А когда он будет уходить на какие-то таинственные сборища под названием «совещание», мы с его водителем, которого все звали Юра, несмотря на почтенный возраст и солидную внешность зажиточного крестьянина, будем предоставлены сами себе. Он разрешит мне мыть вместе с ним машину. И мы будем бегать с ведрами за водой в ближайшее озеро. И я буду зачарованно смотреть, как он бесконечно над ней колдует, то почти полностью залезая под днище, то засунув голову под капот своей любимой «Победы», к которой относился с нежностью, как будто она была живым существом, напоминая мне циркового дрессировщика, который засовывал голову в пасть тигру, как я однажды видела в цирке. Мне разрешат пачкаться и всюду лезть, а потом мы будем отмываться, поливая друг другу руки, и есть толстые бутерброды, завернутые в такую же толстую бумагу и заговорщицки подмигивать друг другу. Юра, водитель моего отца, моя нянька и друг семьи. Коренастый, молчаливый и какой-то всегда очень теплый. С ним было легко, он тоже разговаривал со мной, как со взрослой, но если бы не он, я бы еще долго не узнала, что быть взрослым ― это не только серьезность и ответственность, но иногда это еще и радость.
Но самое главное всегда было впереди. Отец возвращался со своих таинственных совещаний к вечеру, и я каждый раз с замиранием ждала, что вот сейчас, перед дорогой, это случится.
– Ну, как вы тут? ― он выходил из очередного стройтреста бодрый, какой-то помолодевший в лихо сдвинутой на затылок шляпе, в расстегнутом, длинном по тогдашней моде габардиновом плаще и произносил с заговорщицким видом всегда одну и туже фразу. ― Ну, что?

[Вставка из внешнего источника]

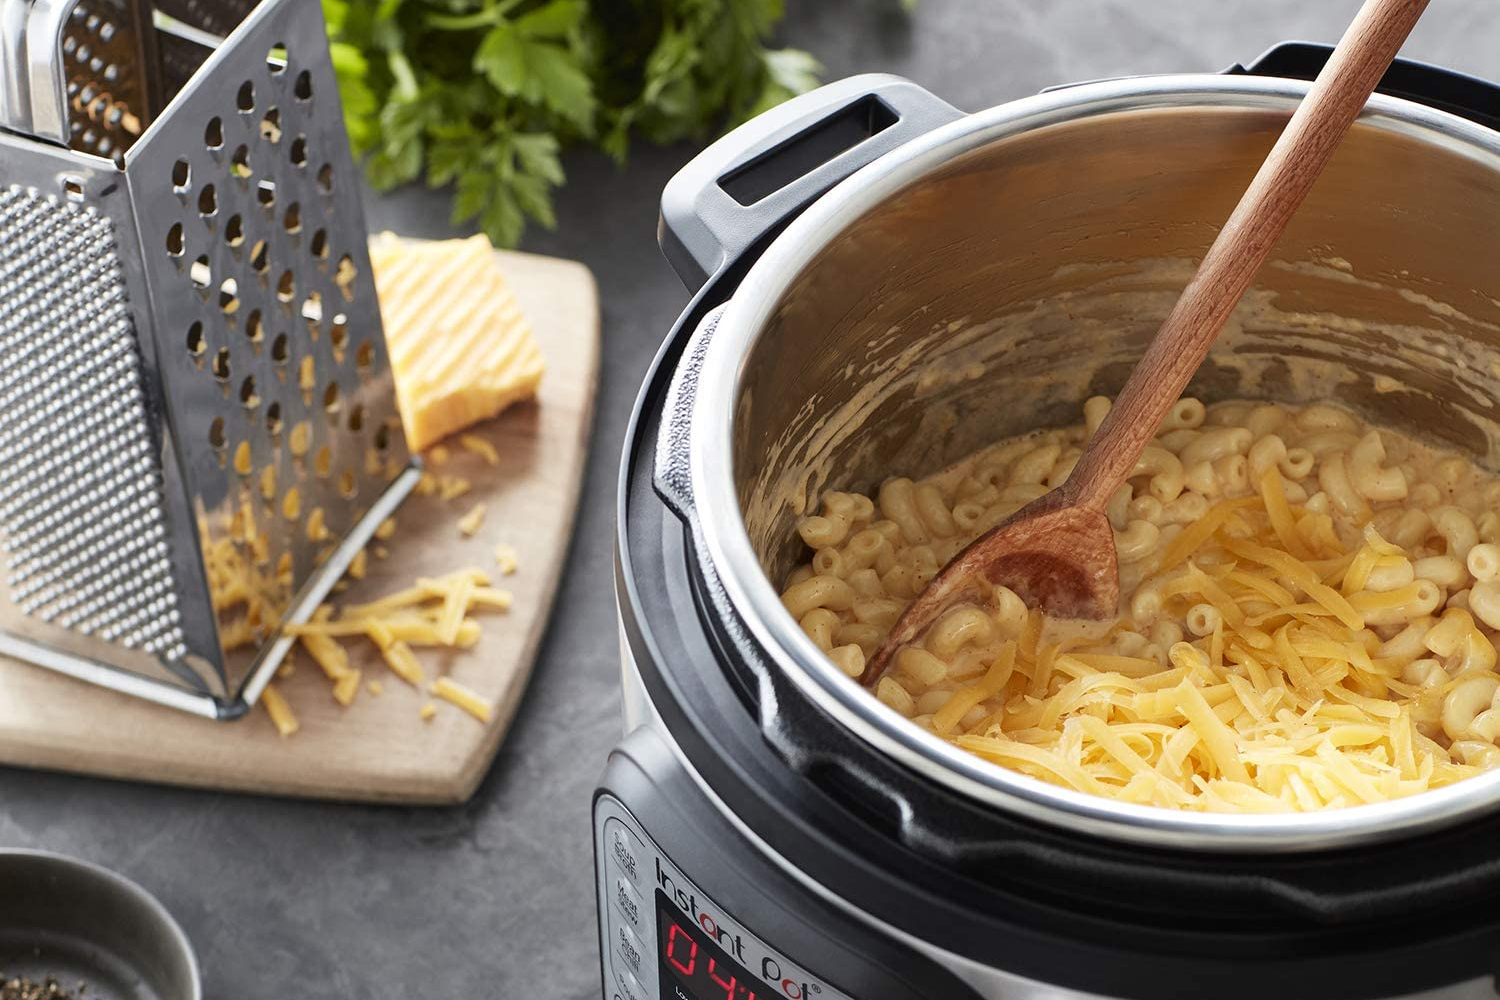 Top 5 Must-Have Instant Pot Accessories

Кутнем?
Ах, эти провинциальный кафе моего детства, В них пахло кофе и пирожными и чем-то очень домашним. И обязательная рюмка водки, которую отец всегда называл «мои законные фронтовые», и мои пирожные, какие и сколько хочу, и Юра, который всегда, не спеша и основательно, заказывал «полный обед» ― это был наш кутеж, наша маленькая тайна. Мы понимающе перемигивались, хохотали по любому поводу и без, и все оттягивали и оттягивали момент, когда Юра, чувствуя свое право, деликатно прокашлявшись, говорил как бы в никуда и никому.
– Завтра с самого утра вроде в министерство собирались?
– Ну, что? По коням? ― отец вопросительно смотрел на меня, как будто я могла изменить их решение, но все равно мне было необычайно приятно. И я, важничая, соглашалась: «Пожалуй, пора».
На обратной дороге я обычно засыпала, и каждый раз пропускала момент, когда веселый, общительный строительный начальник, превращался в суховатого сдержанного и молчаливого главу нашего семейства.